The Mask of Clay screamed and pleaded for mercy and insisted he had already told them everything. But the pain lay as far from his consciousness as the sea lies from the desert tent of a Bedouin.
Erculio applied more instruments to Daoud's body, inflicting many kinds of pain—burning, stabbing, bruising, crushing. He kept Daoud awake, and Daoud knew that hours must have gone by, perhaps the whole night.
Daoud's outcries grew hoarser and weaker, and at last Erculio's efforts brought forth nothing from him but soft groans and whimpers.
Daoud saw the clerk, Vincenzo, rise yawning and leave as another clerk, also shaven-headed, but with a short brown beard, came in to replace him. He saw the two guards in yellow and blue sit down on the floor, their backs to the wall, and doze off. He saw after a time the second clerk lower his head on his folded arms. He saw all this while Erculio pranced about him, hurting him and hurting him.
Erculio looked around at the others in the chamber. He left off pushing a needle into Daoud's ankle and rushed over to the guards and shouted at them to wake up. He poked them with his stick. They cursed him and kicked at him and went back to sleep. He scurried to the sleeping clerk.
"You are supposed to be writing down everything the prisoner says. Come now, wake up! Indolento!

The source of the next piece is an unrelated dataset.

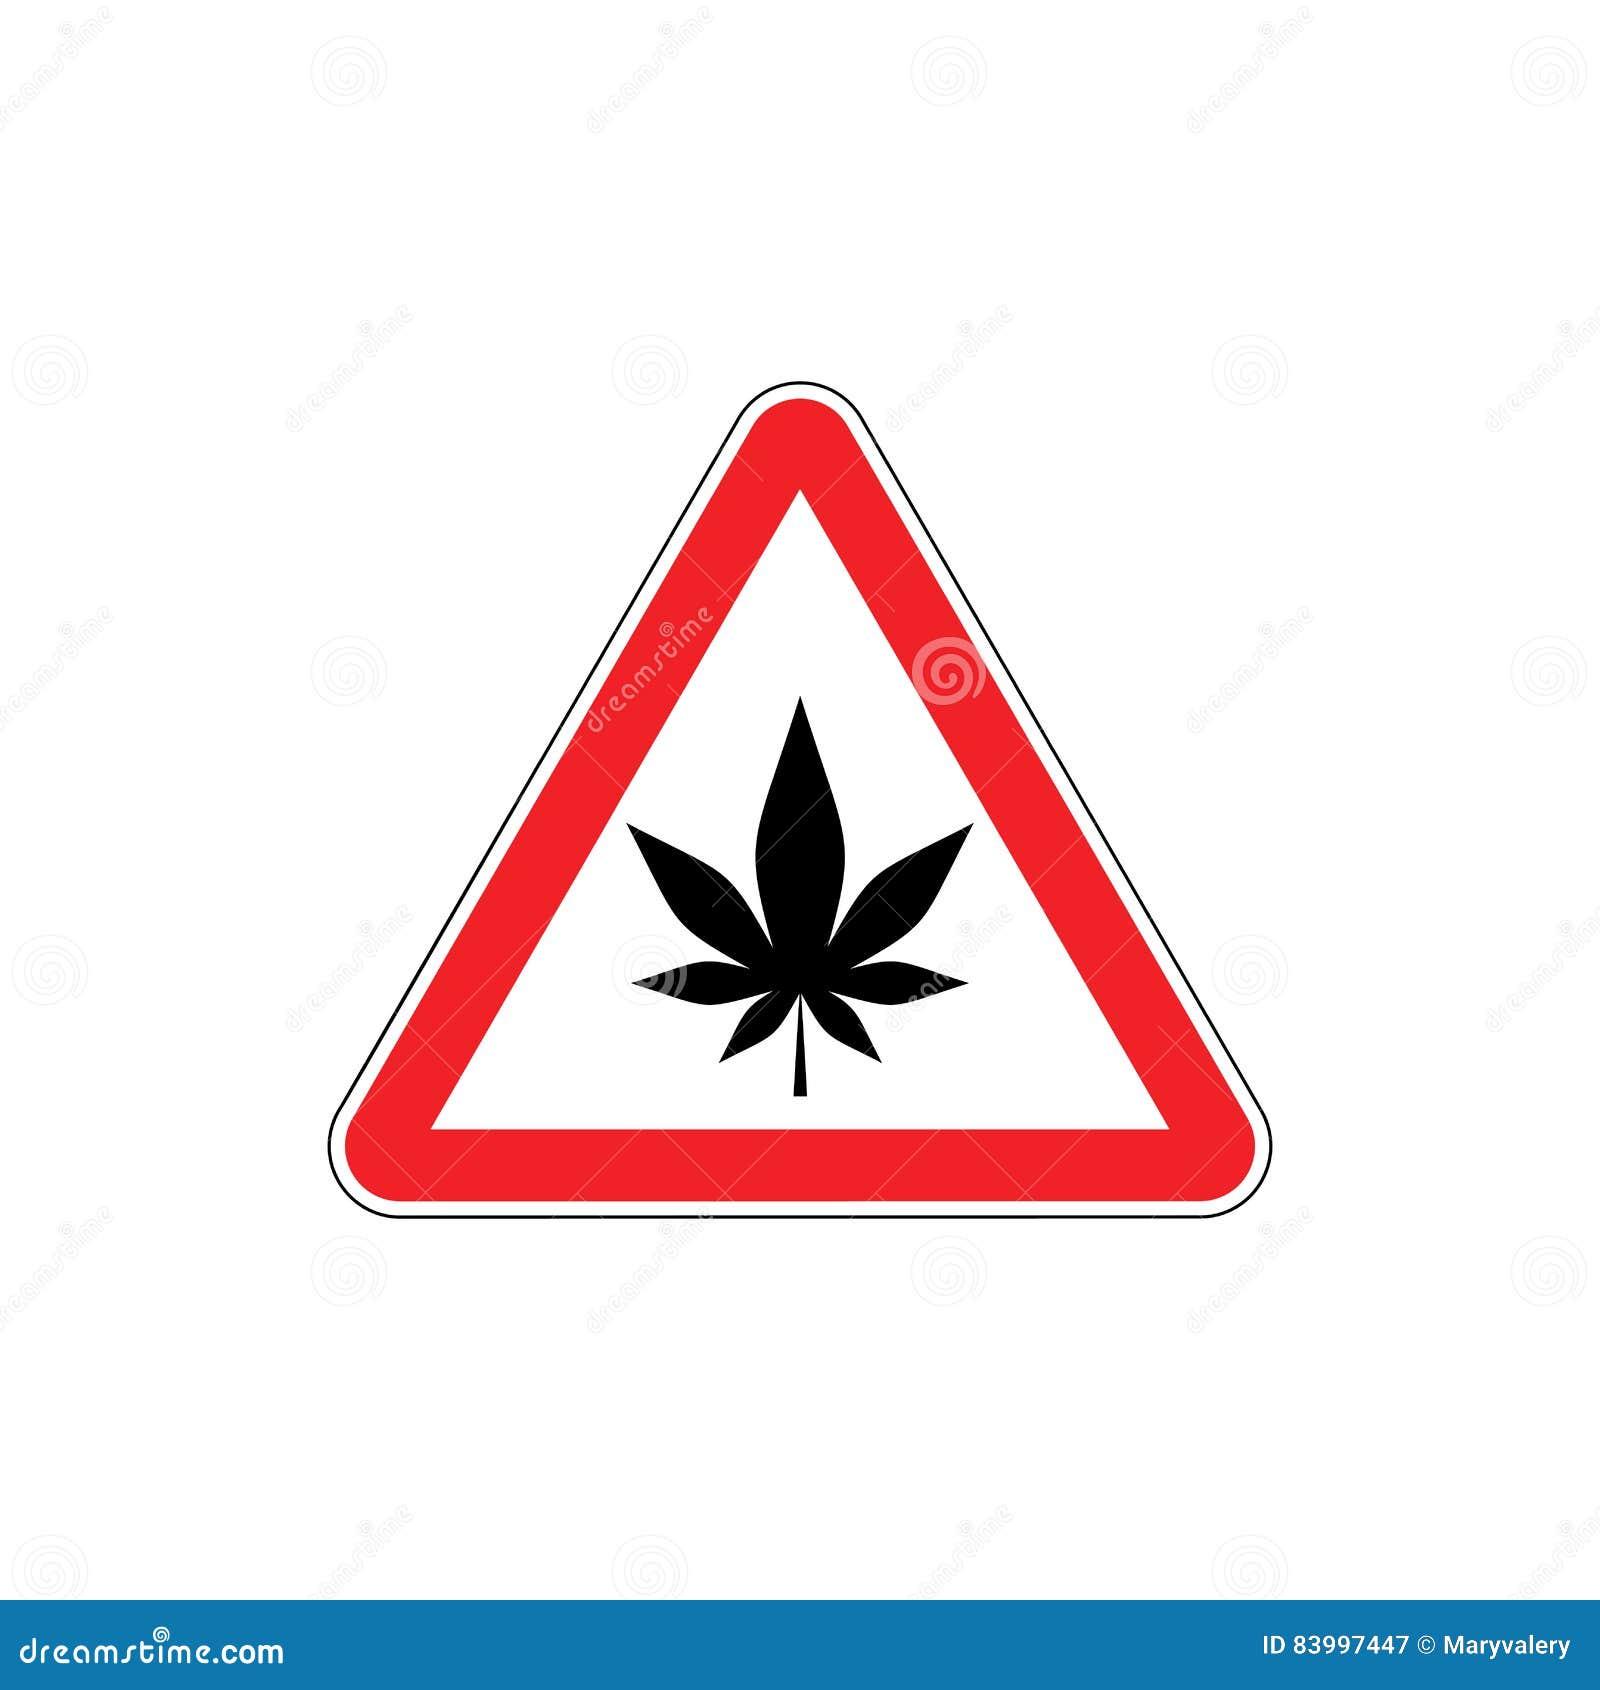 marijuana and the misconception on the dangers of marijuana Opponents of the legalization of marijuana argue that marijuana is a gateway drug, more dangerous than  another misconception is that marijuana is more dangerous.

The podesta will hear of this, I promise you."
The clerk mumbled something without raising his head from his arms. Erculio nodded with satisfaction and hurried across the chamber to Daoud. He stood by Daoud's head.
"As-salaam aleikem, Daoud ibn Abdallah," the torturer whispered.
For a moment Daoud could not believe he had really heard it. The drug that he had brewed in his mind had taken control of his ears. Or else this was their way of tricking him into talking freely.
But if they knew my Muslim name and that I speak Arabic, they would not waste time accusing me of being a Ghibellino.